А представитель комсомола продолжал все так же горячо рассказывать о гордости и славе Архангельска. Перечислял названия кораблей, имена первооткрывателей и мореплавателей, а ребята из зала подсказывали ему все новые и новые имена.
— Литке! — кричали из зала.
— Русанов!
— Седов! «Святой Фока»!
— А папанинцы! Тоже отсюда вышли. Из Холмогор.
И оратор радовался вместе с залом и с гордостью посматривал в президиум. Оттуда одобрительно кивали.
— Смотри-ко, знают ведь, салаги, — удивленно шепнул Громов Замятину.
Павел Петрович только кивнул, а Громов задумался. «Эх, какай я, к чертям морским, воспитатель? — думал старый капитан. — И не знаю же совсем салаг этих, как-то управлюсь?» Когда на набережной его догнала секретарь начальника и, ухватив за рукав, поволокла обратно в кабинет, он ждал всего чего угодно, только не того, что ему предложат пойти руководителем какой-то детской «яично-птичьей» экспедиции. Он и растерялся и рассердился поначалу, но потом поутих. Дело-то немалое, важное, а к тому же и морем запахло. Хмурясь уже больше для виду, он согласился. А теперь вот, когда глядел на эту, то галдящую, то напряженно-молчаливую, толпу ребятни, сидевшую в зале кинотеатра, сомнения стали снова одолевать его. Он посмотрел на Замятина. Тот сидел невозмутимый, спокойный. «И точно, скала», — подумал Афанасий Григорьевич, и ему стало чуть полегче. Он вдруг фыркнул в свои желто-сивые усы и тихо сказал Замятину:
— И верно, «яично-птичья»… — Он кивнул в зал. — Только-только из яиц повылупливались.
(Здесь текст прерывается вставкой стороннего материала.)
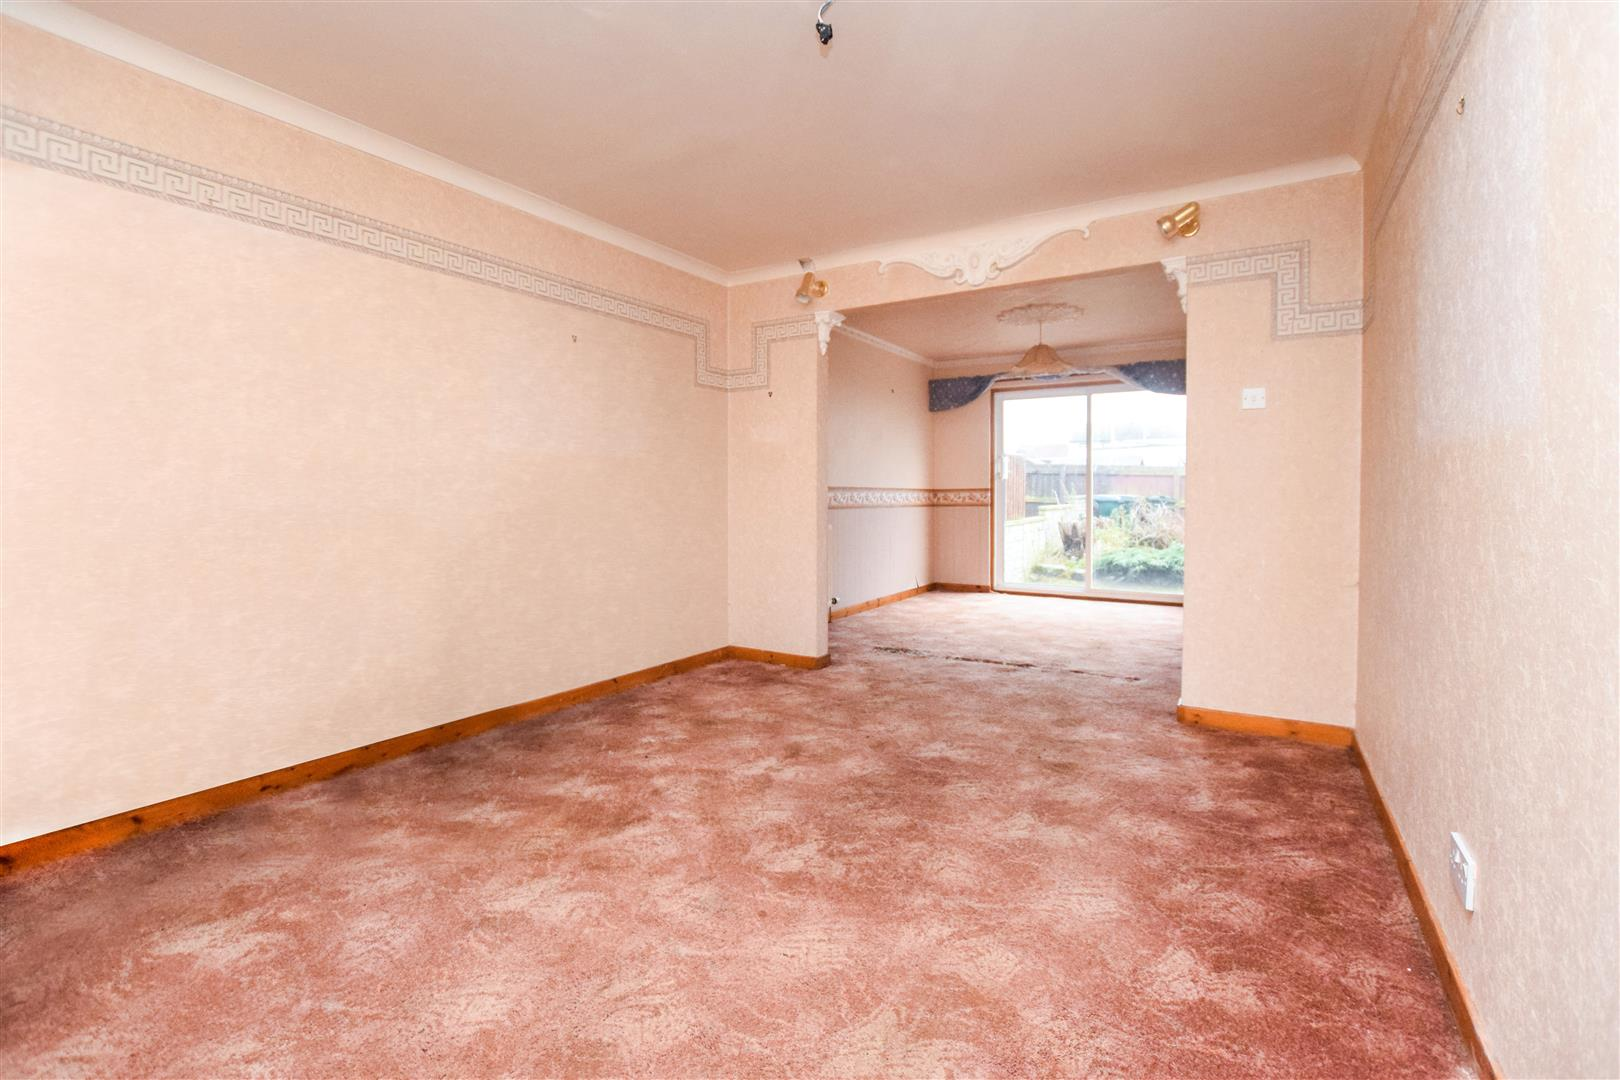 53, Eriskay Place, Perth, Perthshire, PH1 3DH, UK

Замятин посмотрел на него, словно не понял, а потом суховато сказал:
— Промысловая, Афанасий Григорьевич, промысловая. А по правде, так и военно-промысловая экспедиция.
«Эк, как он меня, — с огорчением подумал Громов, — а и то верно, чего это я хиханьки да хаханьки, дело-то серьезное, и не на прогулку ребятишек везут». Он насупился и просидел до конца собрания молча.
Заканчивая, представитель комсомола сказал:
— Трудно вам придется, ребята. Очень трудно. Но что поделаешь — отцы и братья на фронте. Кому же, как не вам. И экспедиция, в которую мы вас посылаем, вернее, просим поехать, — это тоже фронт. Так?
— Так! — хором ответил зал.
Потом выступала учительница. Сказала, что сама будет добиваться чести пойти в эту экспедицию, а опыт у нее уже есть. Потом кричала какая-то девчонка: дескать, чем они, девчонки, хуже. А под конец объявили, что будет отбор: комиссии — медицинская и еще какая-то и, кроме того, ехать в экспедицию можно будет только с согласия родителей, учителей и общественных организаций.
И тут поднялся такой гвалт, что у Афанасия Григорьевича заболели уши. «Нет, ну никакой я не воспитатель», — в который раз подумал он, пробираясь к выходу. Кто-то взял его за локоть. Замятин.
— Выдюжим, Афанасий Григорьевич, — сказал Павел Петрович.
— А как же, — ворчливо ответил Громов.
— Пойдемте-ка на «Зубатку», поглядим, что и как.
Громов обрадовался, но виду не подал.
— Айда, — сказал он, — покумекаем, что про что.
И оба капитана отправились на факторию.